Without getting too much into the details and oversharing my private life here, I went through a really deep transformative experience that only God and I knew. It’s like for the very first time in my life I actually truly felt changed, and it is something I’ve never expected or hoped for. But this change is what was truly needed for me to escape the bondage I never knew existed my whole life.

I came back here to write again. To speak without any expectation of others reading this post, without performing, away from this influencer culture—that I need to be great or perfect or whatever it is that pressures me to be something I am not. I want simplicity again. Expression is healing for me, and yes, I am still in this cocoon, this hidden season, and yet I allow myself to come out here as if no one is reading this. I don’t know if that takes courage, but I know that it is healing for me to just share, even quietly. Perhaps my future self is going to thank me later.
With this transformation comes thoughts of me completely deleting this blog and deleting all my YouTube videos. I thought about it many times—if I should just vanish my presence online into thin air. No one will miss me, and I don’t really have that much of a following.
But something happened. In the middle of a sleepless night while taking care of sick babies, and on top of the already exhausted mom that I am, I started reading my journals that I wrote five years ago when I was still in the New Age. I was amazed at how expressive I was, so passionate about these false spiritual beliefs. Even though yes, I was deceived, my energy and passion were undeniably impressive. If I was so passionate about my sense of identity back then in the New Age, why can’t I show this kind of passion and energy now that I am a follower of Christ? And not just about writing, but with everything I was involved in—like, for example, all of my spiritual practices. I am not saying this because I want to go back to my old spiritual beliefs and practices again, no. What I am saying is that I was so dedicated, passionate, and so zealous about what I stood for. I want to bring that into this new identity in Christ and even more.

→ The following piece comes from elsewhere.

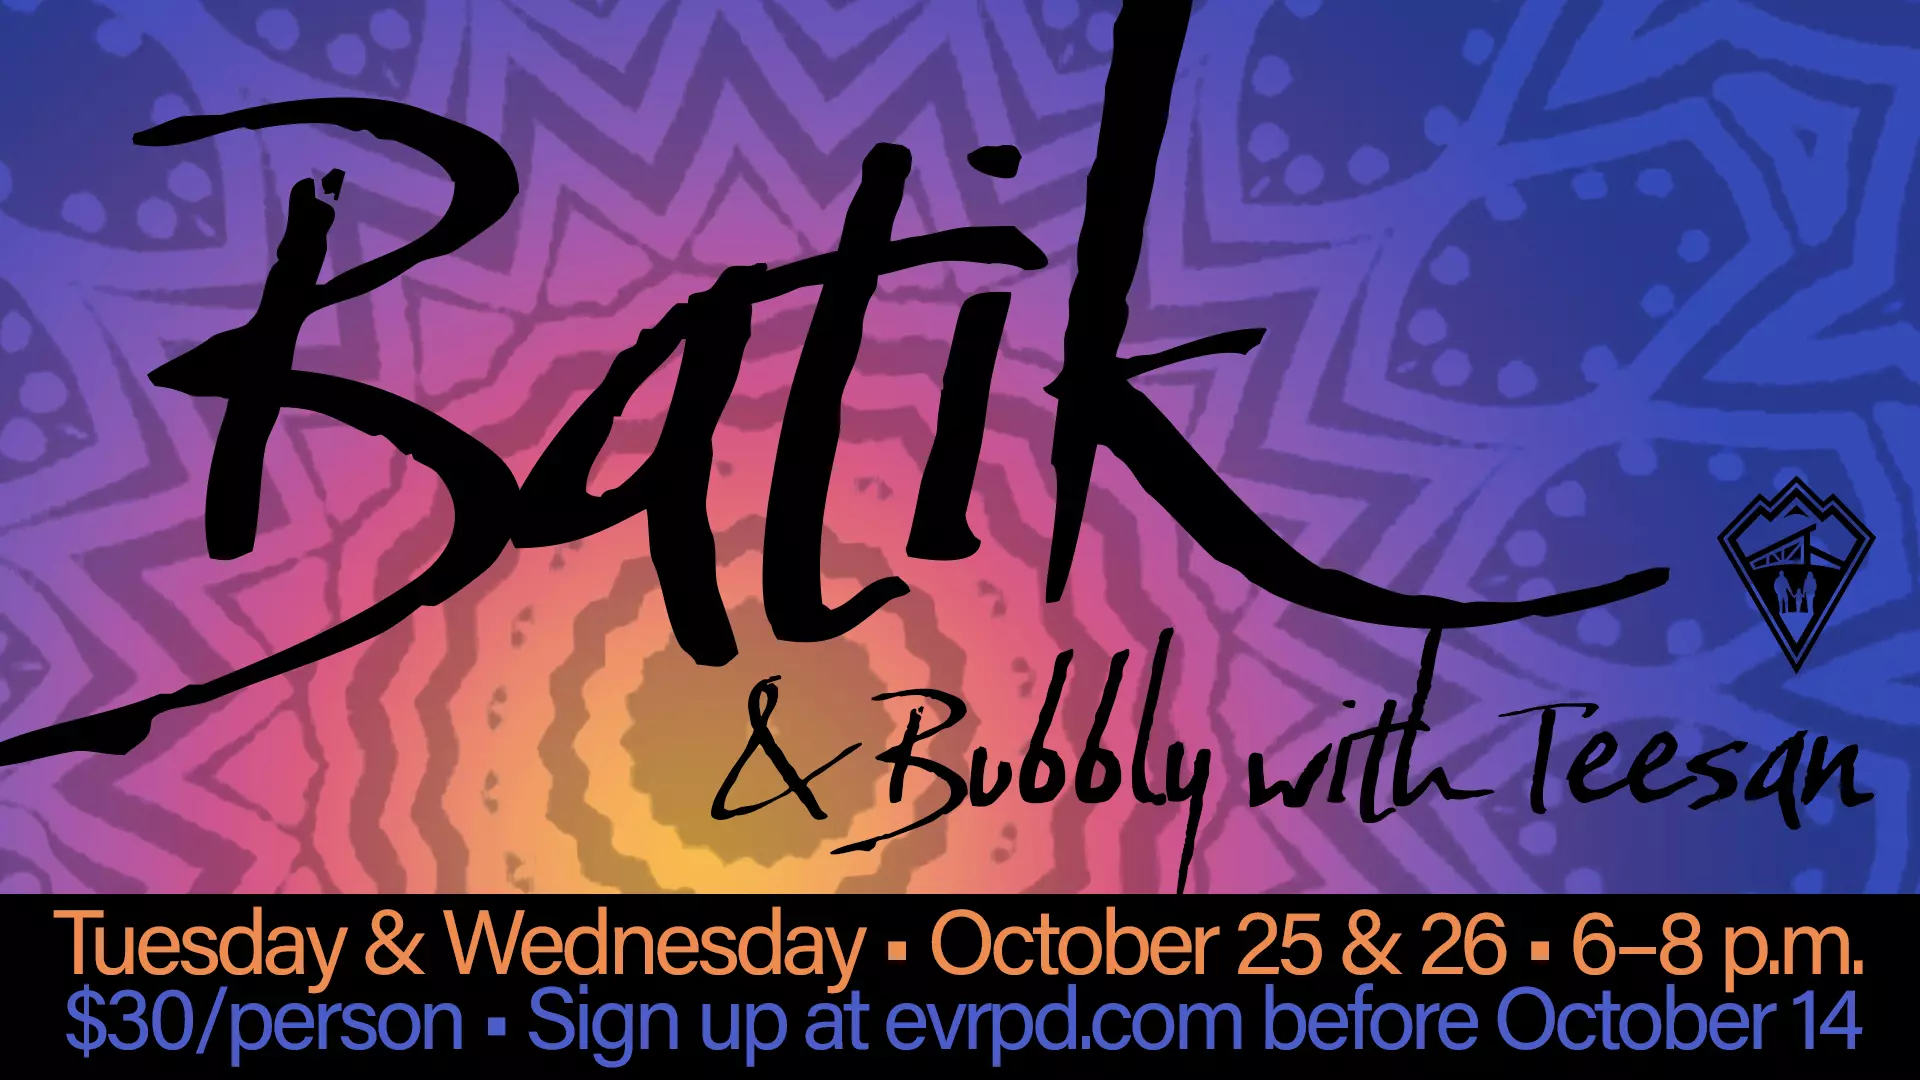 Batik art project and sparkling wine

It’s all so easy to say, but around that time when I was in the New Age, I also didn’t have any children. Having children changes everything. You lose yourself, you lose your identity, you lose the motivation to do anything, really. I think it’s even harder when you are purely in survival mode. For four years I’ve been in and out of survival mode taking care of littles. I really don’t have the capacity to do anything, let alone contemplate life. I wouldn’t have guessed that taking my time back then to reflect and write in my journal was such a treat.
I am trying to get back to it now. Just write. One sentence at a time without really thinking much. Just allowing my thoughts to come and go without having so much filter, nor really caring about who is going to read it. I am done comparing myself to others, and I am done having self-doubt. Writing is something that I love to do, and it’s time for me to own it.